Only lines with the string "Women" are wanted. Pull them out of the data.

Information supplied:
^^^^^^^^^^^^^^^^

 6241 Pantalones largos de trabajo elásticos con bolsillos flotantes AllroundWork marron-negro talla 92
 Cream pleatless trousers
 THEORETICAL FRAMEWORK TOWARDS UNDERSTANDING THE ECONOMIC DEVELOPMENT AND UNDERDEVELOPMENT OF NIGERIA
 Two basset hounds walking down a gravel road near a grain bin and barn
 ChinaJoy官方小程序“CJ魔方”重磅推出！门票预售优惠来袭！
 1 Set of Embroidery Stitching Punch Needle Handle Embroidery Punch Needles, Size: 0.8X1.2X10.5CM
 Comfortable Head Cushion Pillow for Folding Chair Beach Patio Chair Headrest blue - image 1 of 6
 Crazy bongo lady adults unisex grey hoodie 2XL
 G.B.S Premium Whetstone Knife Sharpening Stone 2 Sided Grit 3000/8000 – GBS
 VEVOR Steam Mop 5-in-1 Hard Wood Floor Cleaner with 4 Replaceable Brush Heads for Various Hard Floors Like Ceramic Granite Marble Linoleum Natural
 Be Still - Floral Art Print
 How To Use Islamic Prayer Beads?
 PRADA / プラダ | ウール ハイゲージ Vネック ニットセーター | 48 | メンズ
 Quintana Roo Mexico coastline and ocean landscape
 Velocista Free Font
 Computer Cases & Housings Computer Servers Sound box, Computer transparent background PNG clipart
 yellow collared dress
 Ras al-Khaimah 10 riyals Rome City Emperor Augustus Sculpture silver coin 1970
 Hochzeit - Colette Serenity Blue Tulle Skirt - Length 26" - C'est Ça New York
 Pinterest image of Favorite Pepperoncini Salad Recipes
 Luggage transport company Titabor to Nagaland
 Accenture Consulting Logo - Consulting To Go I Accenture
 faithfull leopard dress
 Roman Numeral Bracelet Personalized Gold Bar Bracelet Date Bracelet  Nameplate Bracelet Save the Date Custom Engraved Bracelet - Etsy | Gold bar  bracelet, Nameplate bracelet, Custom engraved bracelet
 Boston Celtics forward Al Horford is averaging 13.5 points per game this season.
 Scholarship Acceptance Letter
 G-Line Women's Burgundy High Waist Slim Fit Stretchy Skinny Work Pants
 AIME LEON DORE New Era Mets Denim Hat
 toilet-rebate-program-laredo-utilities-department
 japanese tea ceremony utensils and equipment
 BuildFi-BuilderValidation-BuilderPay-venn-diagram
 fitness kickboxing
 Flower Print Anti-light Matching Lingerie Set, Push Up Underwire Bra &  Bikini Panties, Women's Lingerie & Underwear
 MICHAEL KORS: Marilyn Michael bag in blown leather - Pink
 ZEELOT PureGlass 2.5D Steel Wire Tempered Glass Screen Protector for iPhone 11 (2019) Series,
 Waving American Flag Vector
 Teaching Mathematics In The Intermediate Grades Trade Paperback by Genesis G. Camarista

^^^^^^^^^^^^^^^^

Response to the exercise:
 G-Line Women's Burgundy High Waist Slim Fit Stretchy Skinny Work Pants
 Flower Print Anti-light Matching Lingerie Set, Push Up Underwire Bra &  Bikini Panties, Women's Lingerie & Underwear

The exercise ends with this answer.